Под этим были мертвая жена и спящий ребенок.

Президент склонился над красноватым бюро, которое его подручный выволок на видное место. Он вздел очки, потрясая серебристой главой, чтобы дужки легли на место, и принялся складывать, выравнивая – стук-стук – листы бумаги и пересчитывать их. Д-р Александер отступил на цыпочках в дальний угол и сел там на привнесенный стул. Президент отложил толстую ровную стопку машинописных листов, снял очки и, держа их несколько наотлет у правого уха, приступил к вступительной речи. Вскоре Круг начал осознавать, что становится как бы фокальным центром аргусоглазой залы. Он знал, что за вычетом двух людей в этом собрании – Хедрона да, может быть, Орлика, никто его в сущности не любит. Каждому или почти каждому из коллег он сказал когда-то что-то... что-то такое, чего никак не удается припомнить и трудно выразить в общих словах, – какой-то необдуманно умный и резкий пустяк, оставивший ссадину на чувствительной плоти. Нежданно-негаданно полный, бледный, прыщавый подросток вошел в темноватый класс и посмотрел на Адама, и тот отвернулся.

­ Я пригласил вас, господа, с тем, чтобы сообщить вам о некоторых пренеприятных обстоятельствах, обстоятельствах пренебрегать которыми было бы глупо. Как вам известно, с конца прошлого месяца наш Университет практически закрыт. Ныне мне дали понять, что если только наши намерения, наша программа и поведение наше не станут отчетливо ясны Правителю, этот организм, старый и любимый нами организм перестанет функционировать навсегда, а вместо него будет учреждена иная институция с совершенно иным штатом. Другими словами, славное, величавое здание, которое на протяжении веков по кирпичику возводили братья-каменщики, Наука и Администрация, рухнет... Оно рухнет потому, что у нас не достало такта и инициативы. В последний час, господа, в роковой час, была выработана линия поведения, которая, как я надеюсь, сможет предотвратить катастрофу. Завтра могло бы быть слишком поздно.

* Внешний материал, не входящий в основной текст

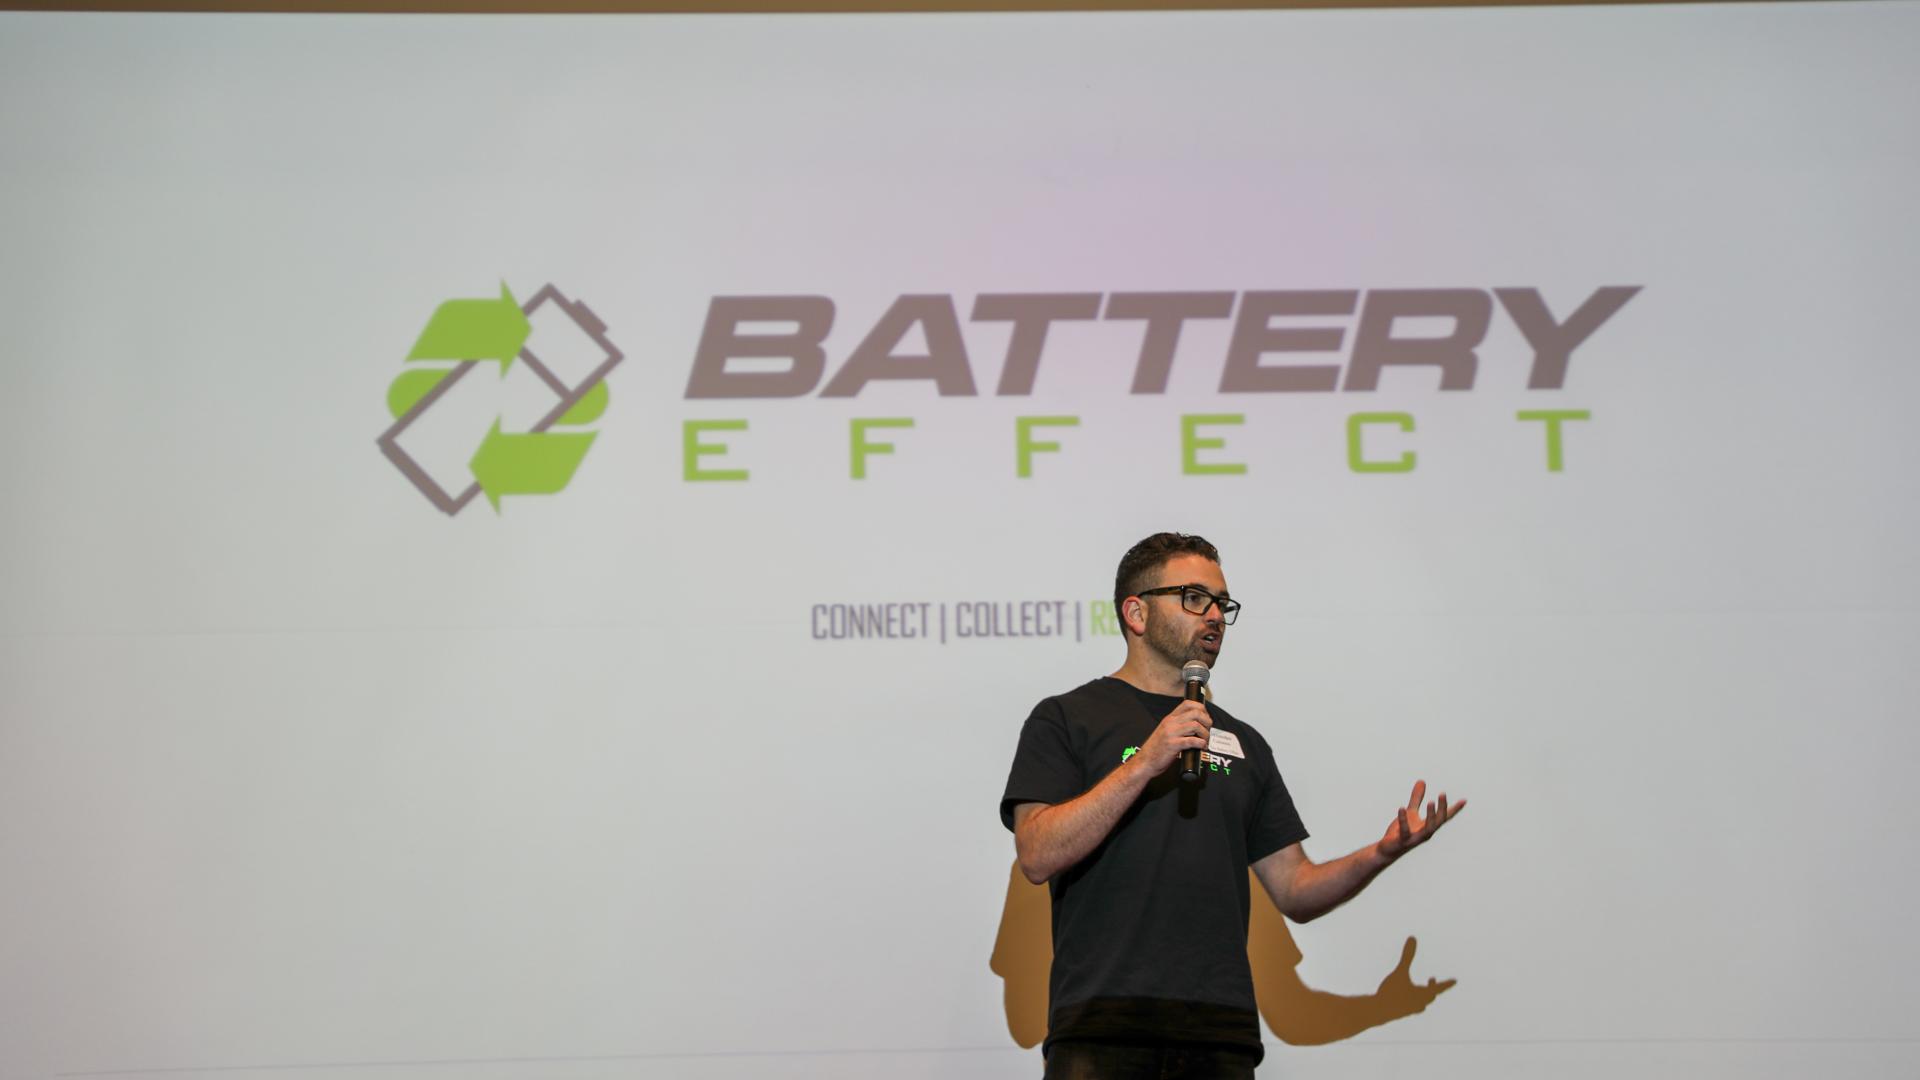 CSULB Innovation Challenge Award Ceremony - Battery Effect
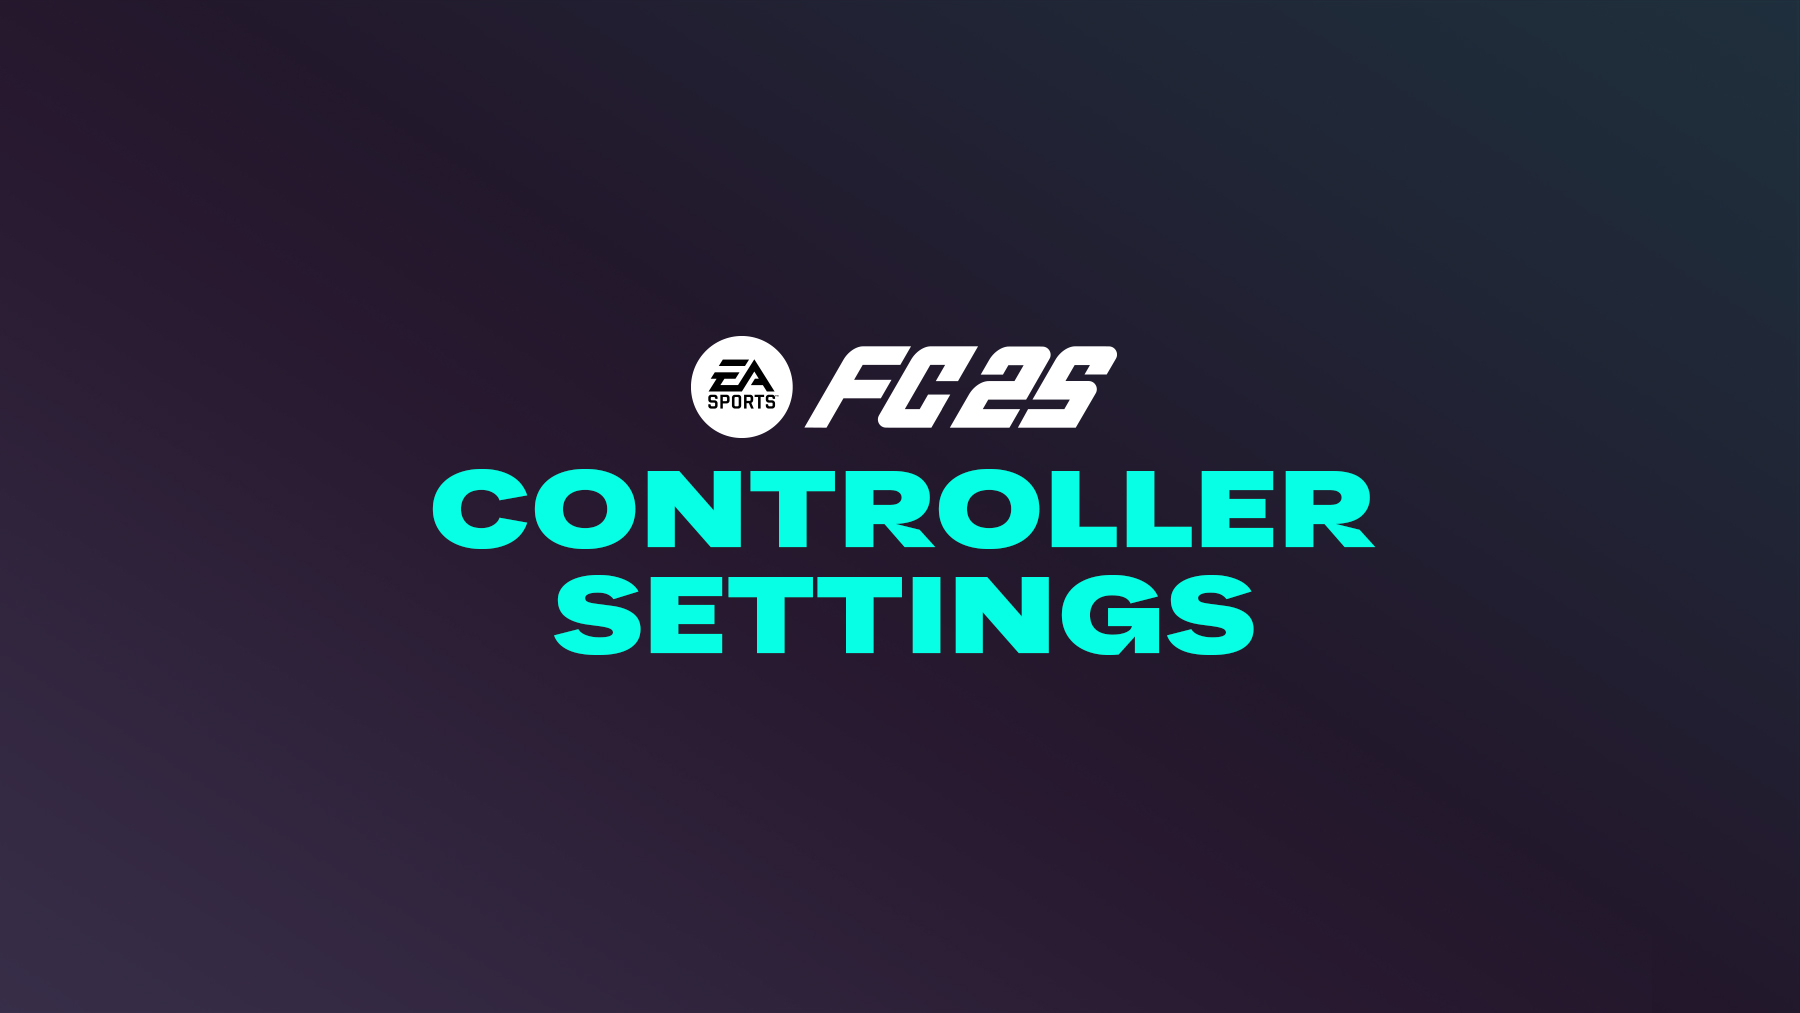 FC 25 Controller Settings

­ Все вы знаете, сколь ненавистен мне дух компромисса. Я не считаю, впрочем, что героические усилия, в которых мы все соединимся, могут быть обозначены этим отвратительным термином. Господа! Когда человек теряет обожаемую жену; когда гастроном теряет в просторах Вселенной обнаруженную им котлету; когда выдающийся деятель видит, как разбивается вдребезги детище всей его жизни, – он преисполняется сожалений, господа, сожалений, увы, запоздалых. Итак, не допустим же, чтобы мы по собственной нашей вине ввергли себя в положение безутешного влюбленного, в положение астронома, комета которого затерялась в древнем сумраке неба, в положение прогоревшего администратора, – возьмем же свою судьбу обеими руками, словно пылающий факел.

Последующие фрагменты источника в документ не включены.